Then I had an inspiration. It struck me a letter such as I should write to Charlie Lien should be written in the third person. Again I took up my pen and wrote:

“Miss Travers begs to be excused from keeping her engagement with Mr. Charlie Lien on Monday afternoon.”

Just as I stamped the envelope, Mumsie came to the door and said Uncle wanted me to go for a walk. I slipped the letter into my muff and dressed hurriedly.

Mumsie did not come with us, pleading a headache. I was half glad, half sorry. We walked through the city for several miles. Uncle did the talking, I had little to say. I could not get my mind off the letter in my muff. We passed a score of post boxes: but when we returned home I still was in possession of the letter. Before going to bed I tore it up.

January 3rd.

I feel I have irretrievably thrown in my lot with Charlie Lien and his set. I found my course with them to-day so easy, they took me to themselves so quickly. It was all so simple.
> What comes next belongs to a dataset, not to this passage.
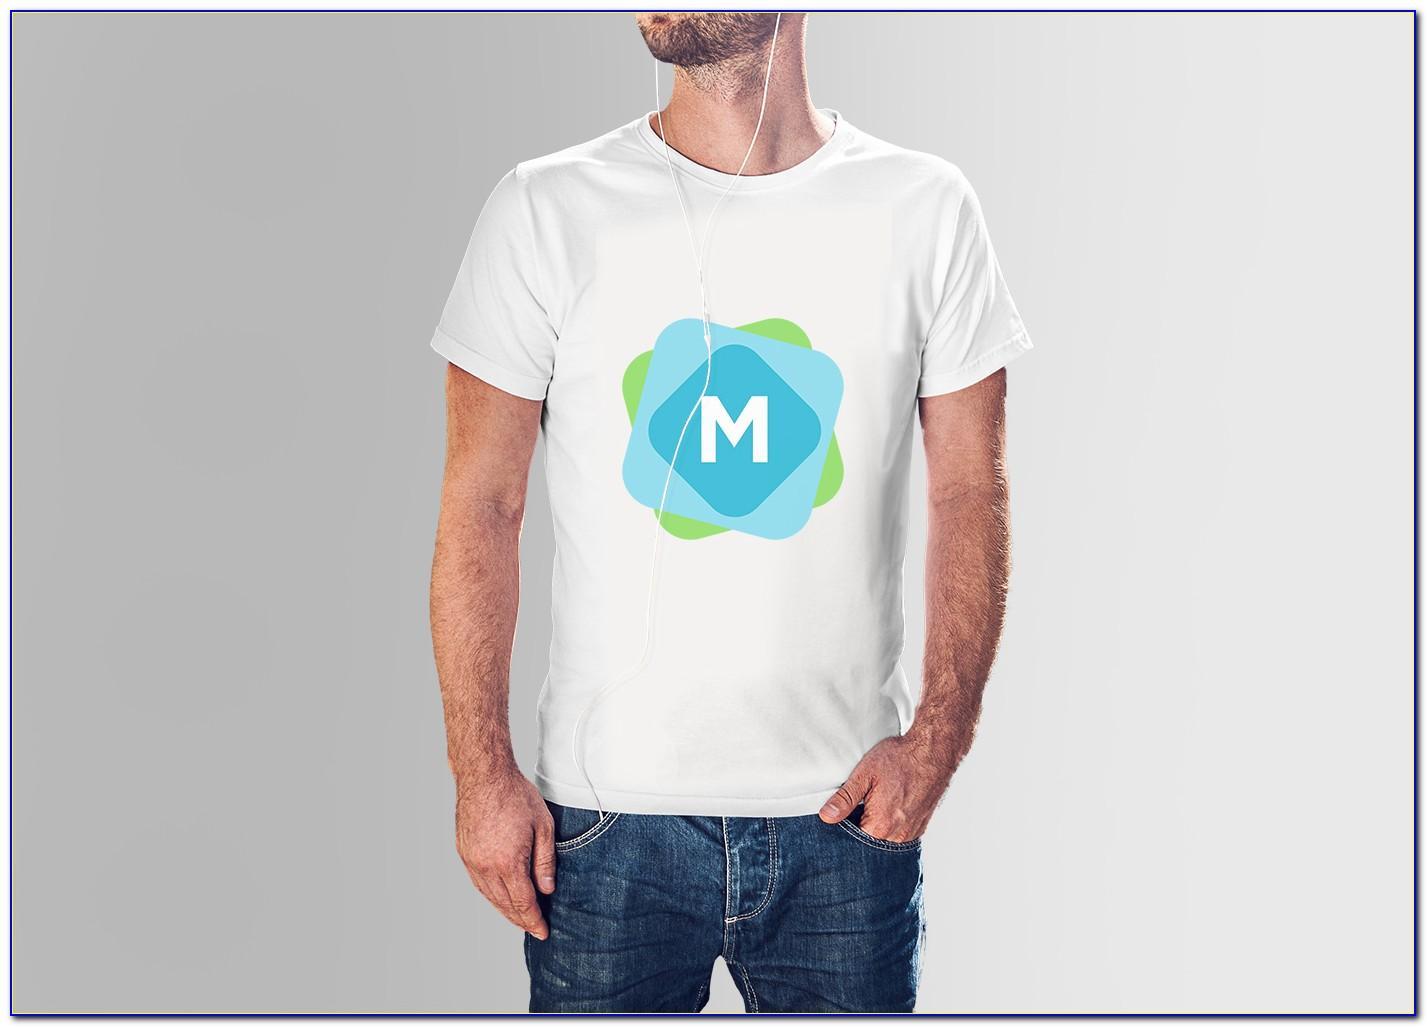 T Shirt Design Mockup Psd Free Download

As I came away from the King Henry-the-Eighth Hotel, I felt my head was high in the air. We met Polly Townsend and I bowed to him in the most patronizing manner I could command and got a profound return. After all, the Skating Club crowd are a sloppy crowd, as Charlie says—namby-pamby men and bread-and-butter maidens.
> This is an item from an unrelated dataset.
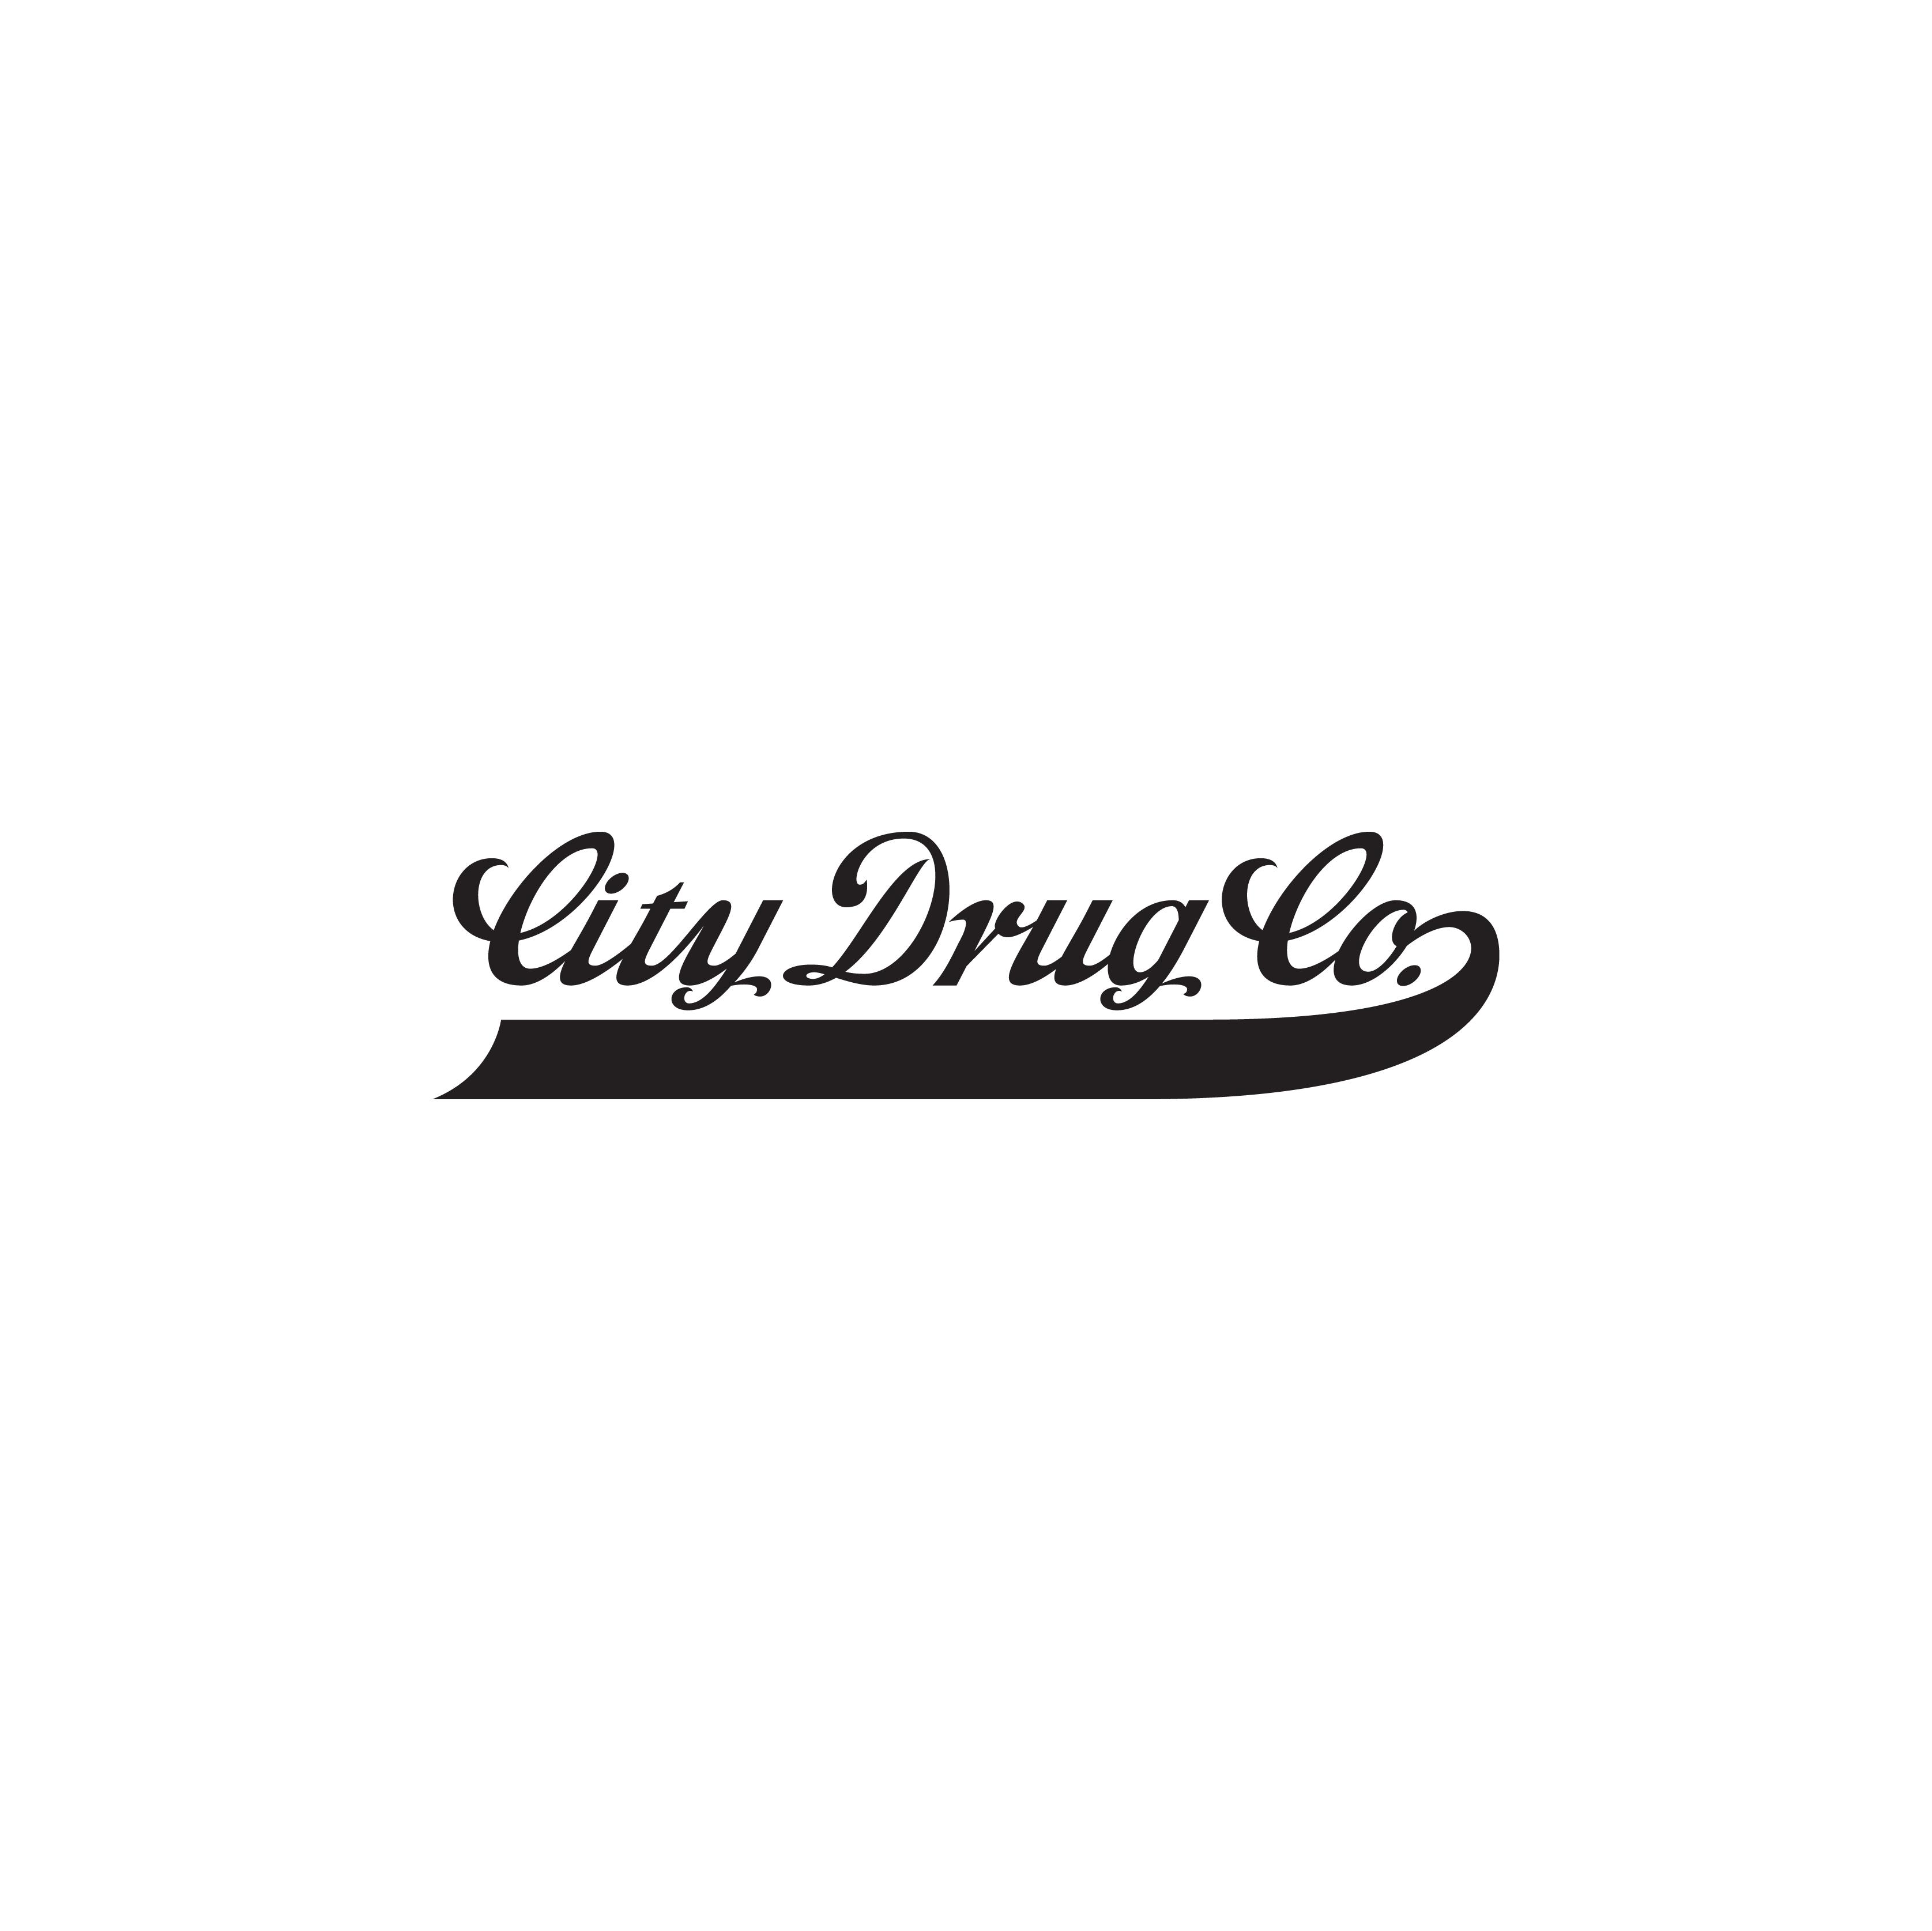 City Drug logo design by logo designer Always Abounding

I struggled hard not to keep my appointment, but at the time arranged found myself at Horace’s. Charlie was there, buying a tie. He took me in hand immediately and we crossed the street to the Henry-the-Eighth. I had seen it before, of course, a great tall building mounting to the sky, but did not know it was an hotel. We entered a door that seemed very small for such a great building, but I have since learned this is the “Ladies’ Entrance.” We had no sooner entered the passage-way inside than we passed into the elevator and Charlie gave orders for the Palm-room. We mounted a dozen feet only, and stopped, the man opened the cage door, we turned round a corner, and were in a low room filled with cigarette-smoke, and some palms and easy chairs and tables. In an instant I took in these surroundings and the people present. Several tables were about, each occupied by a man and girl. Some of the men were old with coarse faces, and some were young and sallow. I could judge little or nothing of the men. Some of the women were not young, and their faces were of a type I had only before seen on the street. They were unhealthy and unwholesome looking. I am sure I could not make friends with them. To me they were repulsive. The young girls all wore extreme costumes, and some were much made-up. Paint and powder were thrown on them. They also were distasteful to me. What sort of a place had I got into? And the thought struck me that an outsider looking down upon us must have found me in my simple and plain attire, conspicuous by contrast.

A waiter came to our table and stood expectant.

“What will you have?” asked my host.

I picked up a card and made a show of looking at it and replied, “An ice.”